Recognizing Marcus Garvey for Caribbean-American Heritage Month

Kinisha Correia

Although Jamaican Marcus Mosiah Garvey has not made recent news, for many Caribbean nationals his relevance as a newsmaker is perennial for his role in Caribbean-American Heritage.

Migrating to and residing in Harlem, New York in the 1920s, he stoked the embers of Black Power and fueled the ambitions of Caribbean and other black immigrants in the U.S. with his bold philosophy expressed in the words “Up, up, you mighty race! You can accomplish what you will.”

This Jamaican stalwart achieved great things in the United States, and elsewhere. Even though he was officially titled a Jamaican hero, his outstanding achievements makes him worthy of being a Caribbean American hero as well.

Garvey was born in St. Ann’s Bay, Jamaica in 1887 and was one of 11 children of a stones-man and a household servant. By age 14, Garvey went off to Jamaica’s capital city, Kingston, where he worked in a print shop. It was there that he would get his first taste of activism, as he joined the labor union for print tradesmen.

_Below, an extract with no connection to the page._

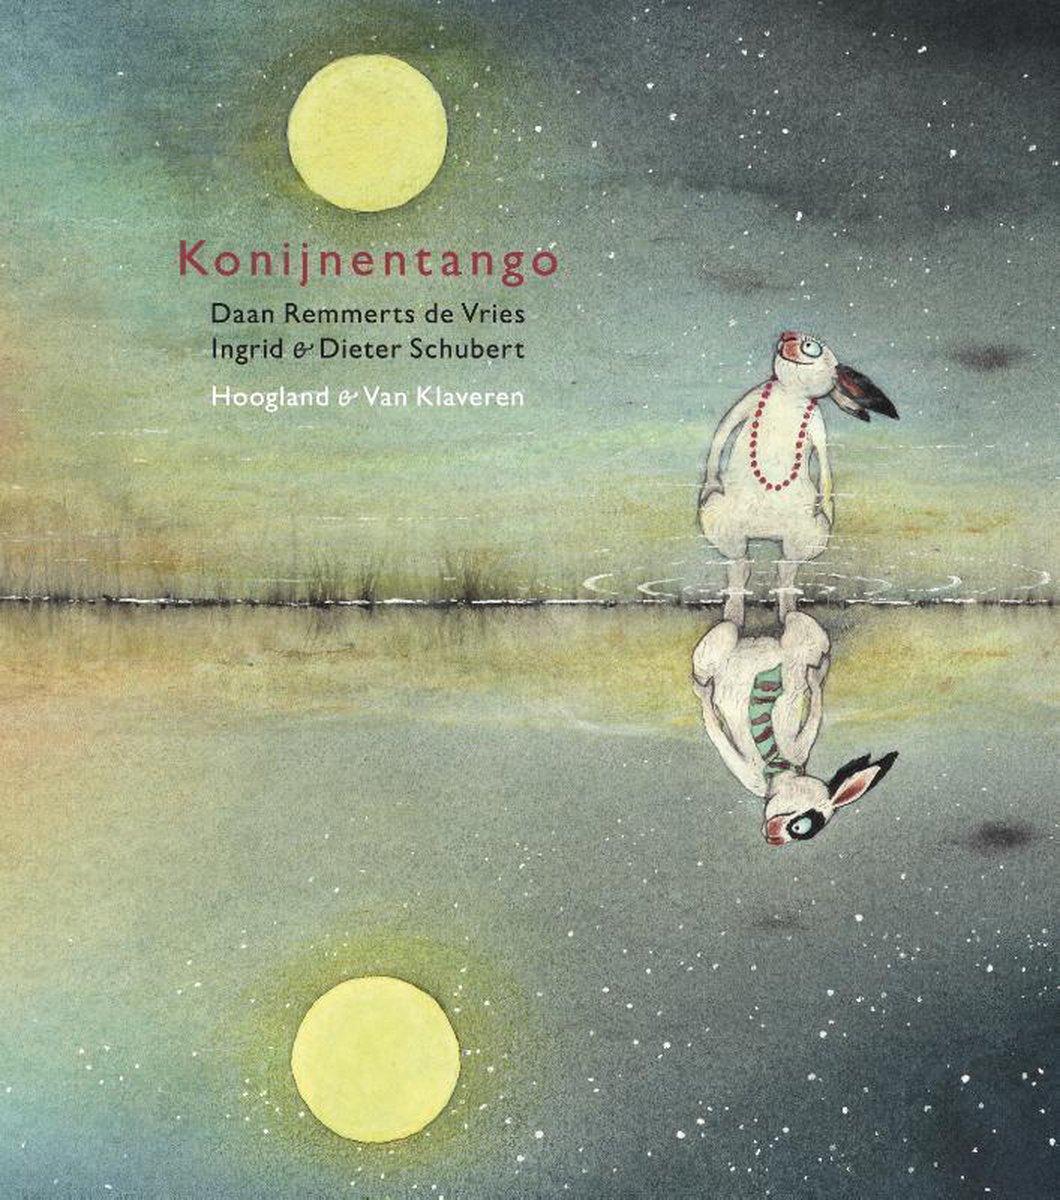 bol.com | Konijnentango, Daan Remmerts de Vries | 9789089672216 ...

By 1912, Garvey settled in London, England after spending a short stint in Central America. There he was able to attend the University of London’s Birkbeck College—a right that was not given to blacks in the U.S. at the time. At university, he studied law and philosophy, worked for a Pan-Africanism newspaper, and began leading public discourse at Speakers’ Corner in Hyde Park.

In 1914, Garvey ventured back home to Jamaica and started the Universal Negro Improvement Association. He also began corresponding with African-American leader, author, activist and former slave, Booker T. Washington. Surely inspired by Washington’s work, two years later, Garvey travelled to the U.S. to begin lecturing to the black community to share his “separate but equal” message, questioning U.S. democracy and oppression of people of color. Garvey ended up speaking in 38 cities throughout the U.S.

Notably, in 1917, in Harlem, he formed the first chapter of the Universal Negro Improvement Association (UNIA), and launched the Negro World newspaper. By 1919, the UNIA’s membership grew to over four million members. That year, under the auspices of the UNIA, Garvey would lead the establishment of the Black Star Line shipping company. Soon the company would purchase its first ship, which would be known as the S.S. Frederick Douglass.

The Black Star Line then went on to form the African Redemption Liberia program, which sought to create a nation in Africa, for slaves, their descendants and African Americans as a whole. Due to this and his other dealings, Garvey became a target of the U.S. government, who began investigating him for mail fraud in connection with the Black Star Line. In 1923, Garvey lost a trial on the matter, and was sentenced to five years in prison. While serving his sentence, he wrote “First Message to the Negroes of the World from Atlanta Prison,” which became a famous paper.

“After my enemies are satisfied, in life or death I shall come back to you to serve even as I have served before. In life I shall be the same; in death I shall be a terror to the foes of Negro liberty. If death has power, then count on me in death to be the real Marcus Garvey I would like to be. If I may come in an earthquake, or a cyclone, or plague, or pestilence, or as God would have me, then be assured that I shall never desert you and make your enemies triumph over you,” Garvey wrote in that paper.

It is said that Garvey thought that the investigation and his consequential imprisonment was a backlash from the Jewish community, after he agreed to meet with the Grand Wizard of the Ku Klux Klan—an organization that he believed shared his views on segregation.

A 1921 quote from a speech given to UNIA members sums up Garvey’s views on the rights of African Americans and the African diaspora. In it he says, “If you want liberty you yourselves must strike the blow. If you must be free, you must become so through your own effort … Until you produce what the white man has produced you will not be his equal.”

“We shall march out, yes, as black American citizens, as black British subjects, as black French citizens, as black Italians or as black Spaniards, but we shall march out with a greater loyalty, the loyalty of race. We shall march out in answer to the cry of our fathers, who cry out to us for the redemption of our own country, our motherland, Africa,” Garvey said, summing up his singular cause of the redemption of Africans at home and abroad. For him, self-reliance, redemption and a strong sense of purpose were cornerstones of black emancipation. He was also a staunch advocate for black entrepreneurship, and lived as an example for aspirational black business owners through his many projects.

As the leader of the Pan-Africanism movement and civil rights activist, Garvey sought to unify and connect people of African descent in the U.S. and worldwide. For this, the U.S. was his base, where he founded several wildly successful mega-organizations. As an advocate for people of African descent living and operating separately, but with equal rights, Garvey was a leader in the U.S. who stretched his influence across the seas and throughout the world.

Garvey died in London England in 1940. In 1964 his body was brought back to Jamaica. The government designated him as the Jamaica’s first National Hero and reinterred his body at a shrine in the National Heroes Park, Kingston.

His work is still relevant, widely studied, and the basis of much black nationalist work globally. For this, he is not only a Jamaican hero but indeed a Caribbean-American hero, and a fixture in Caribbean-American heritage.